Speaking at a conference in Vienna last week, Runggaldier suggested in a large number of European countries second pillar pension arrangements are still not mandatory, but are offered by employers on a voluntary basis in their race for well-qualified employees.
"There is nothing evil in a boss trying to bind an employee to their company using pension benefits," Runggaldier noted at a symposium on occupational pensions in Vienna, organised by the university for economy WU Wien.
He explained under the current proposed European Commission directive by the EU on portability - now known as the mobile workers' pensions rights directive - employees would acquire the vesting rights to an occupational pension already after less than five years of working for an employer.
"I think the EU commission believes the fewer years it takes to acquire pension rights the more mobile workers will become," Runggaldier noted.
He added implementing this regulation in Austria will be "an interesting challenge" as the current legislation only grants pension rights after a five-year-period.
However, he noted all attempts by the commission to create an environment in which full portability of pension rights is possible "have failed" and said the latest amended proposal issued last year "is not suitable to provide full portability". (See earlier IPE story: Portability directive edges closer)

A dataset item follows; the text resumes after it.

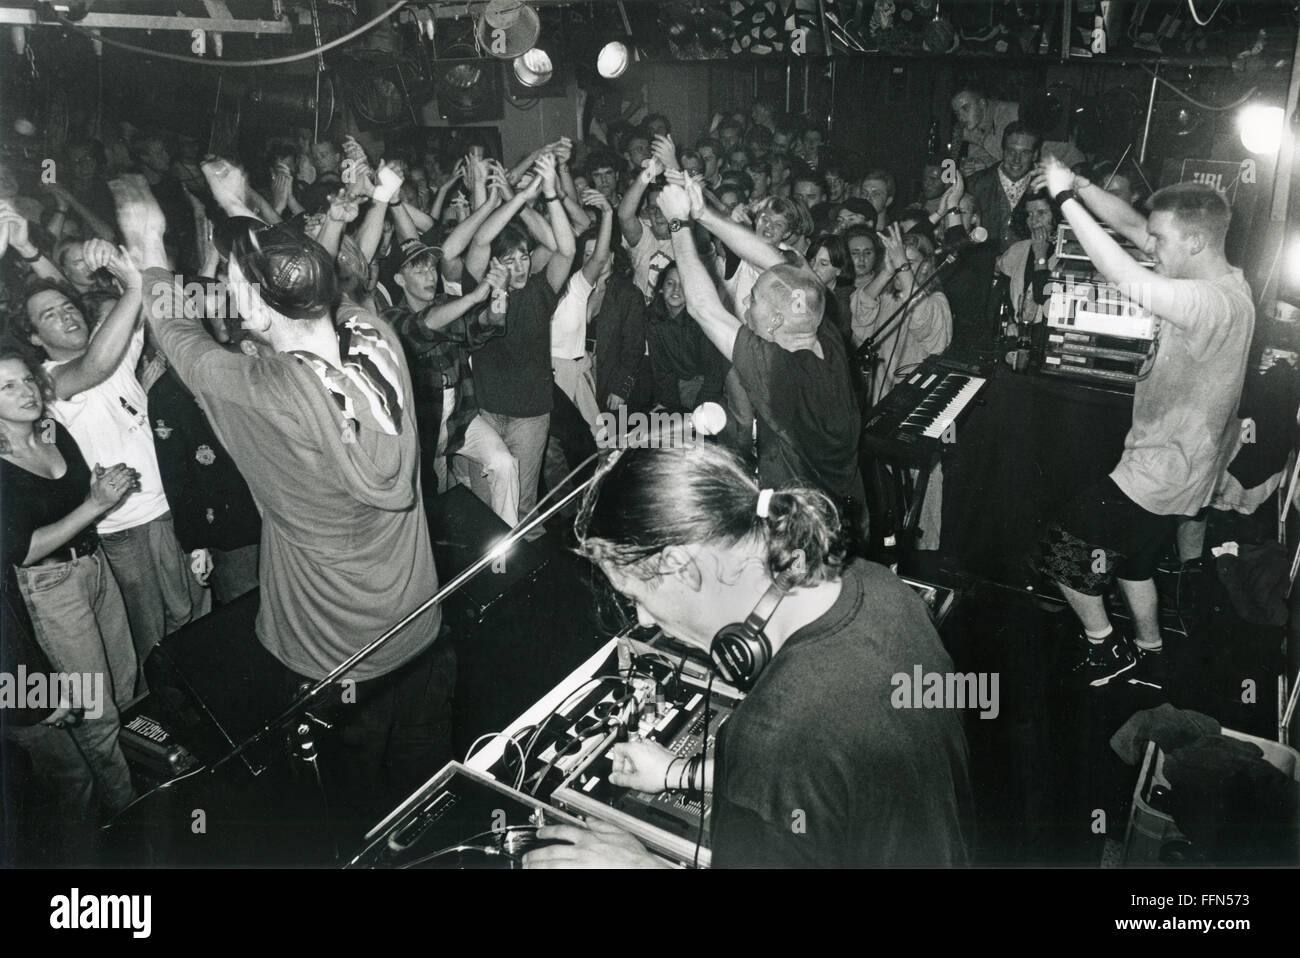 Les Quatre Fantastiques, groupe de musique allemande (rap, hip-hop), spectacle de scène dans une discothèque près de Passau, au début de leur carrière, après leur premier succès de carte avec le single 'nie Da!?!', hors du premier album '4 gewinnt', Passau, Allemagne, 1992, Banque D'Images

Runggaldier added the paragraph on indexation of pension assets left in a company by an ex-employee is seen critical by many countries as this might mean exploding costs for employers.
In contrast, the Slovenian EU presidency announced at the end of January it was "determined to pursue the adoption of the Directive on the portability of supplementary pension rights".
"The Council has successfully resolved most of the outstanding questions. All we need is a modicum of political will to take the final decisive step," said Slovenian minister for labour, family and social affairs, Marjeta Cotman.